> **Provided records**:
--- START ---

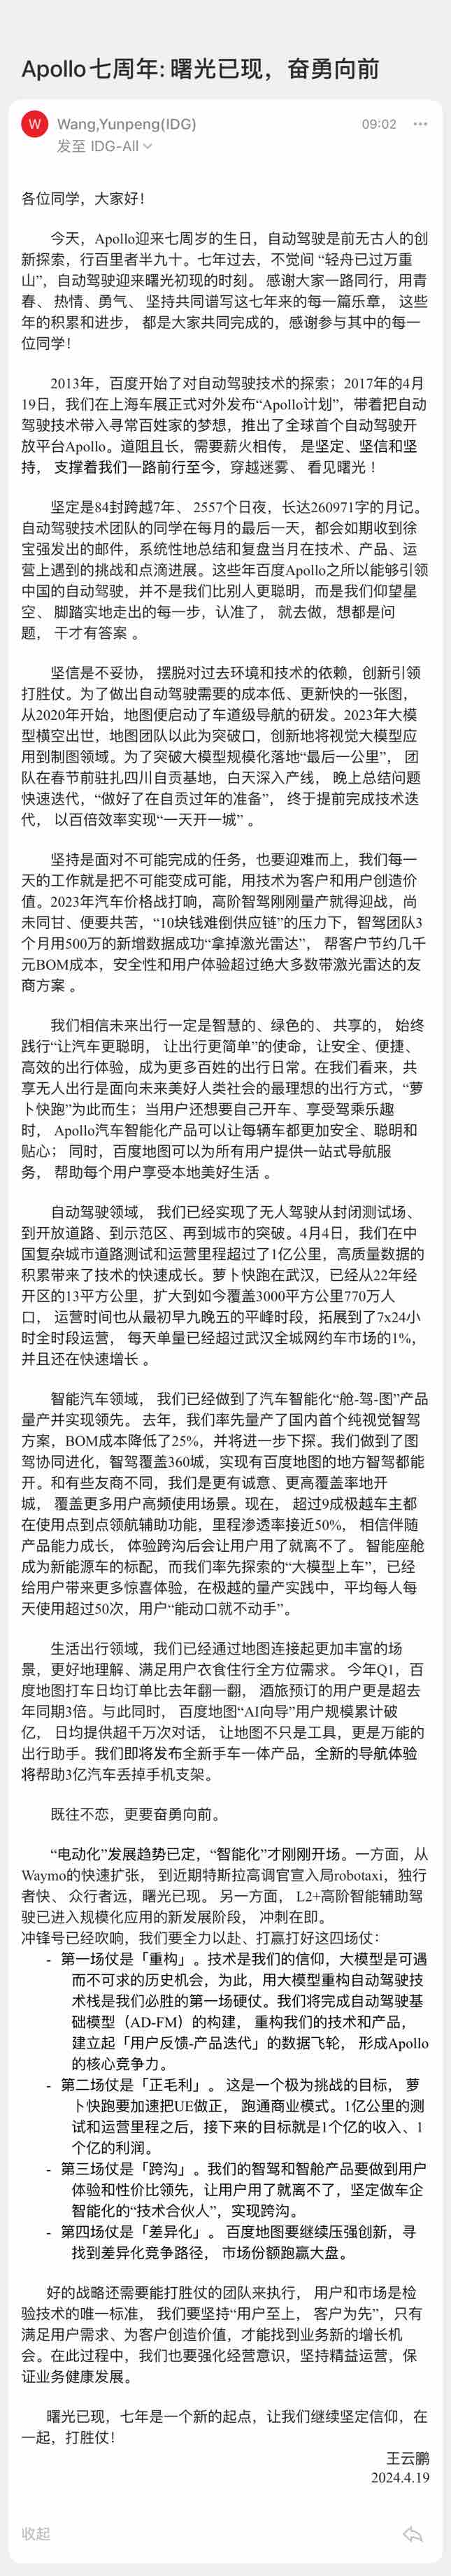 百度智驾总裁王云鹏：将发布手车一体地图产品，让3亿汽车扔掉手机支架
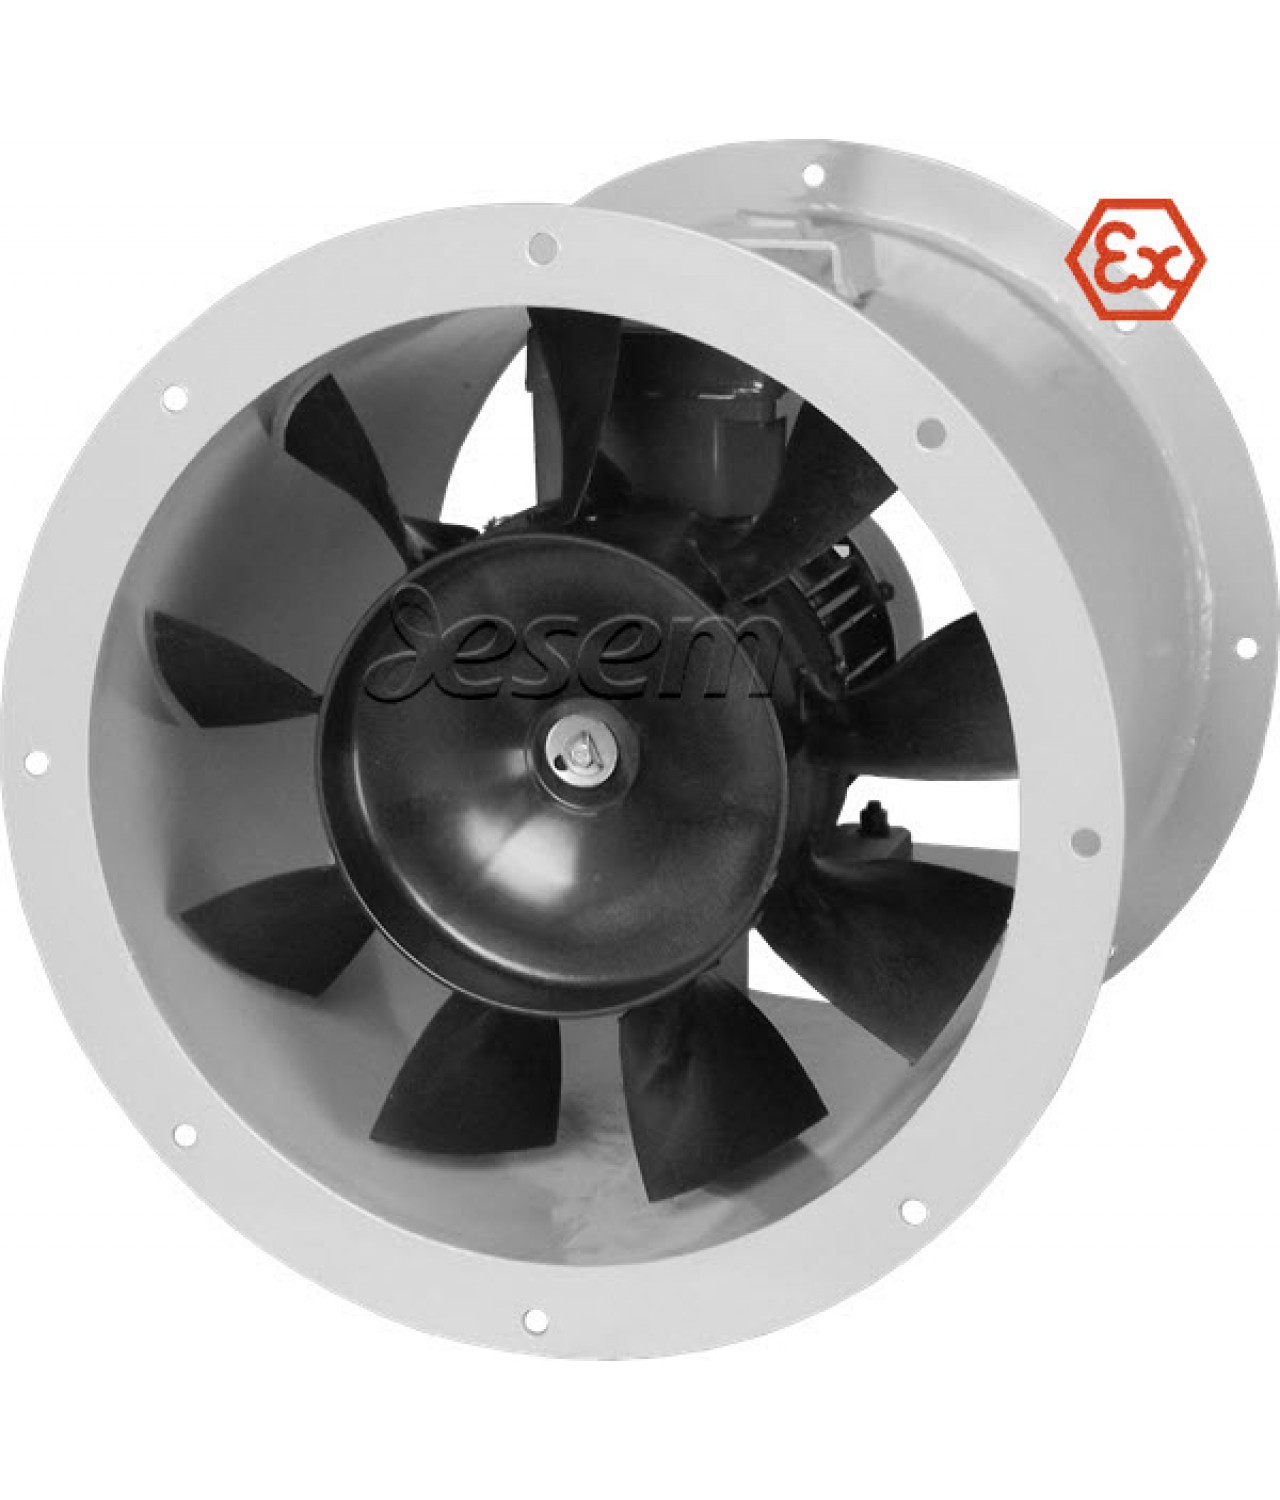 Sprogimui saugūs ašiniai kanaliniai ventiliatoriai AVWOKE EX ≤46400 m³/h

--- END ---
--- START ---

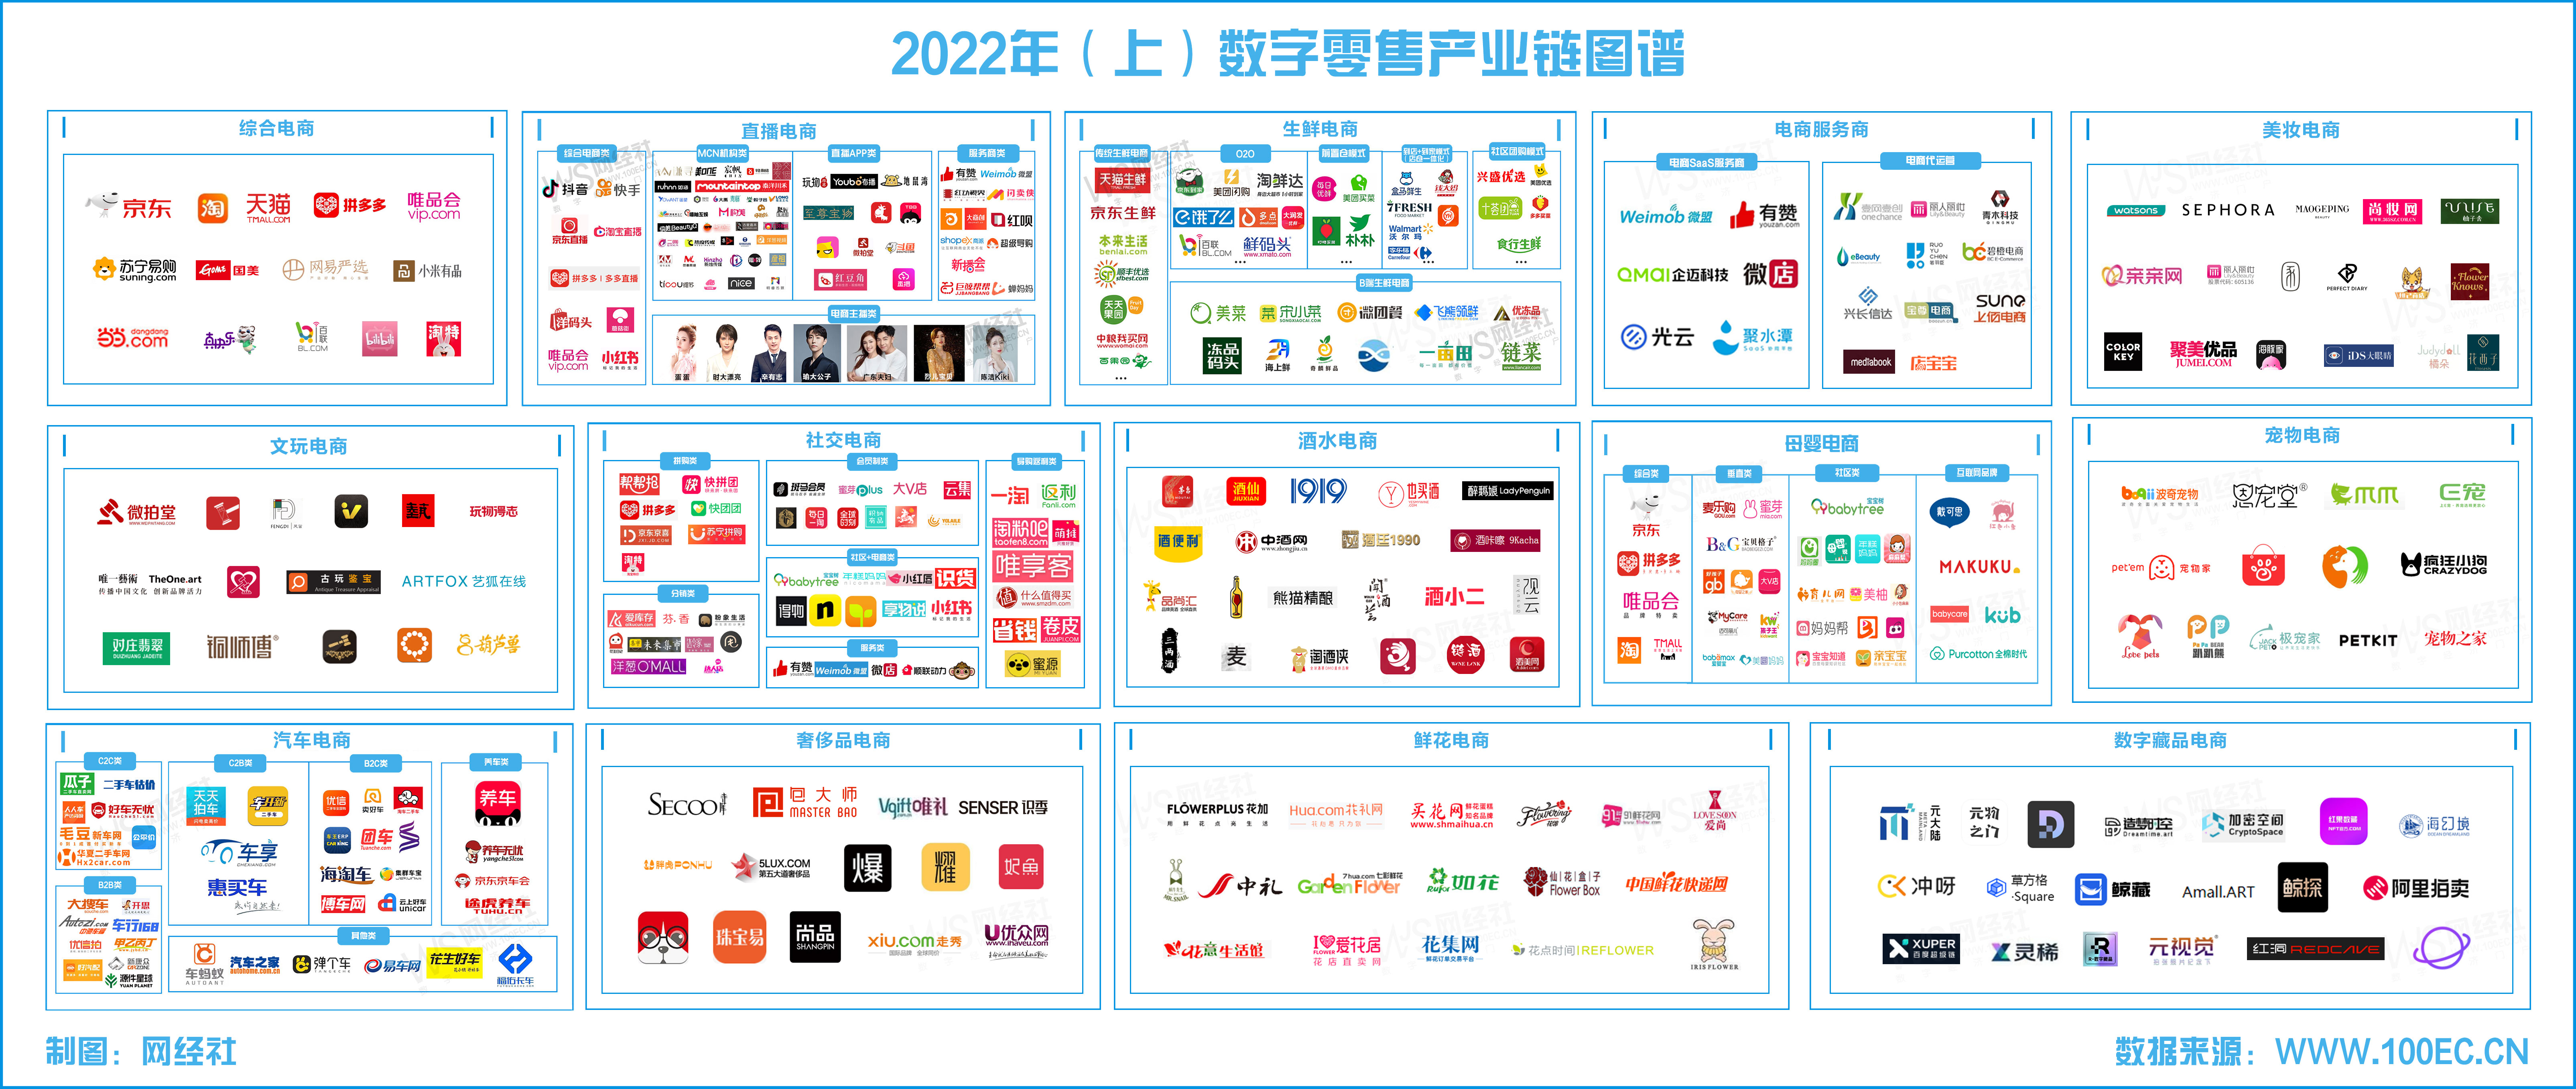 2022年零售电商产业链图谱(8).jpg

--- END ---

> **What to work on**: In the data above, find the line containing "百度智驾总裁王云鹏：将发布手车一体地图产品，让3亿汽车扔掉手机支架" and the line containing "Sprogimui saugūs ašiniai". Repeat those two lines and everything between them exactly, minus the pictures.

> **Result**:
 百度智驾总裁王云鹏：将发布手车一体地图产品，让3亿汽车扔掉手机支架
 Sprogimui saugūs ašiniai kanaliniai ventiliatoriai AVWOKE EX ≤46400 m³/h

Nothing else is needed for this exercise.